Investigators compared blood vessels in retinas collected from 24 human donors with Alzheimer’s disease, 10 donors with mild cognitive impairment and 27 with normal cognition.
In patients with Alzheimer’s disease and mild cognitive impairment, they found one of the earliest signs of Alzheimer’s disease to date: disruption of the blood-retinal barrier, where tightly joined cells prevent harmful substances from entering the retinal tissue.
“In patients with Alzheimer’s disease, we found that there was a deficit of as much as 70% in that barrier, meaning harmful substances can pass through and enter the retinal tissue,” said Haoshen Shi, MD, PhD, project scientist and first author of the study. “We see that this occurs very early on, in patients with only mild functional impairment.”

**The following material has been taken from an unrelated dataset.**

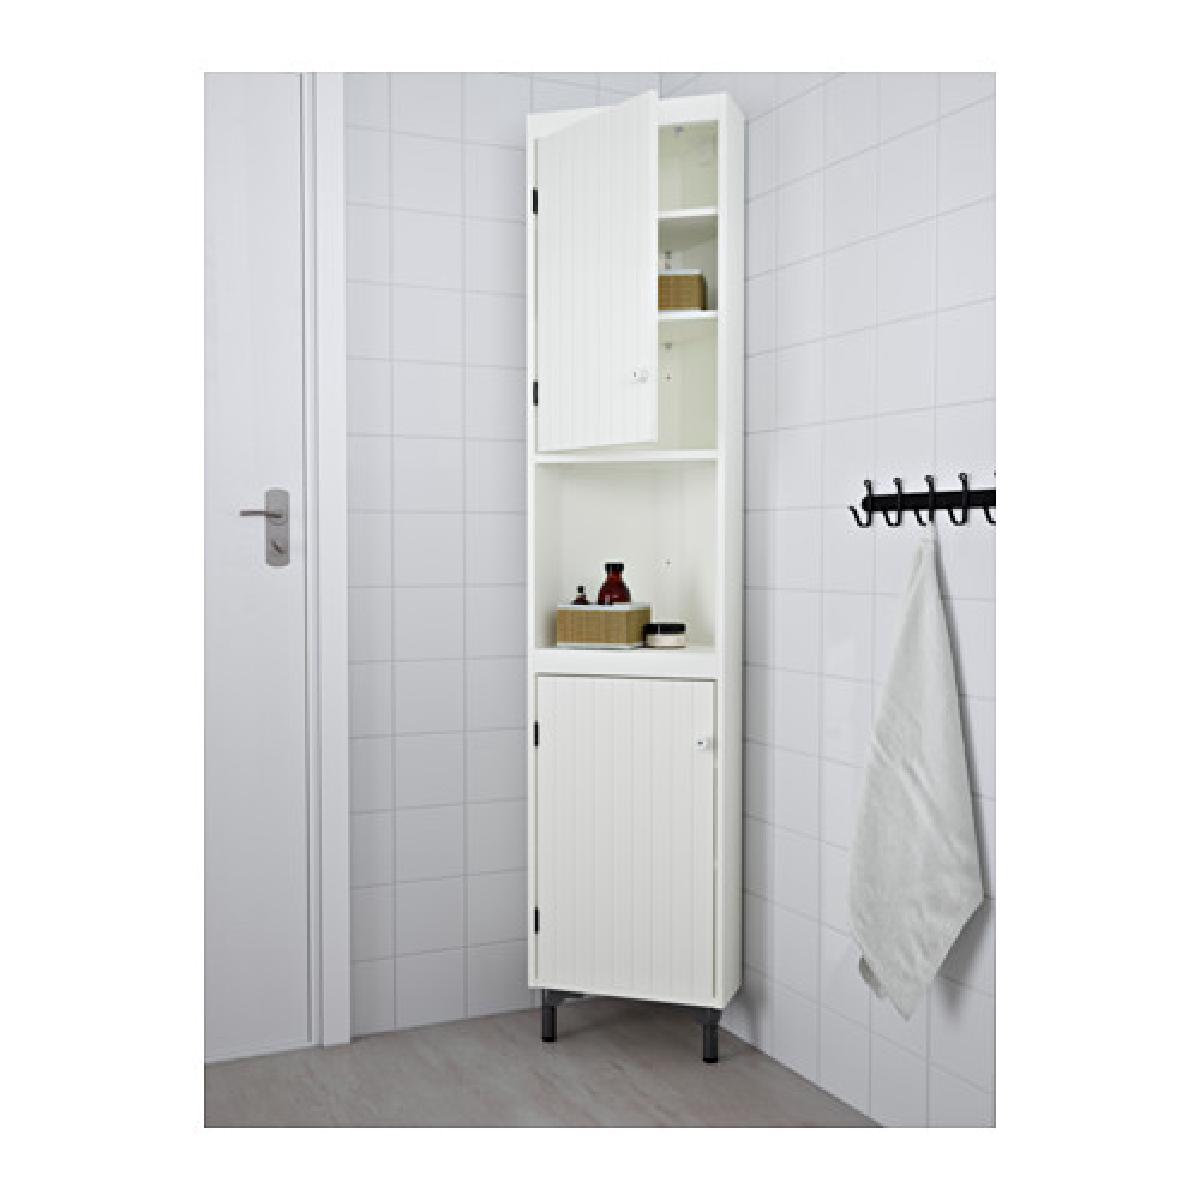 15.ตู้ชั้นวางสีขาวทรงสูงสะอาดตา ถูกใจผู้ที่ชื่นชอบสีขาว เหมาะกับห้องน้ำขนาดเล็ก และสามารถเลือกติดบานตู้ให้เปิดทางซ้ายหรือขวาก็ได้

Damage to the blood-retinal barrier was strongly associated with a condition called cerebral amyloid angiopathy (CAA)—the accumulation of amyloid proteins in small blood vessels—and other vascular disease in the brain.
“Currently, the only way to detect CAA in patients is in post-mortem brain tissue samples,” said Koronyo-Hamaoui. “With additional research and the development of advanced retinal imaging, vascular and blood-retinal barrier damage could give us the first opportunity to detect CAA in living patients.”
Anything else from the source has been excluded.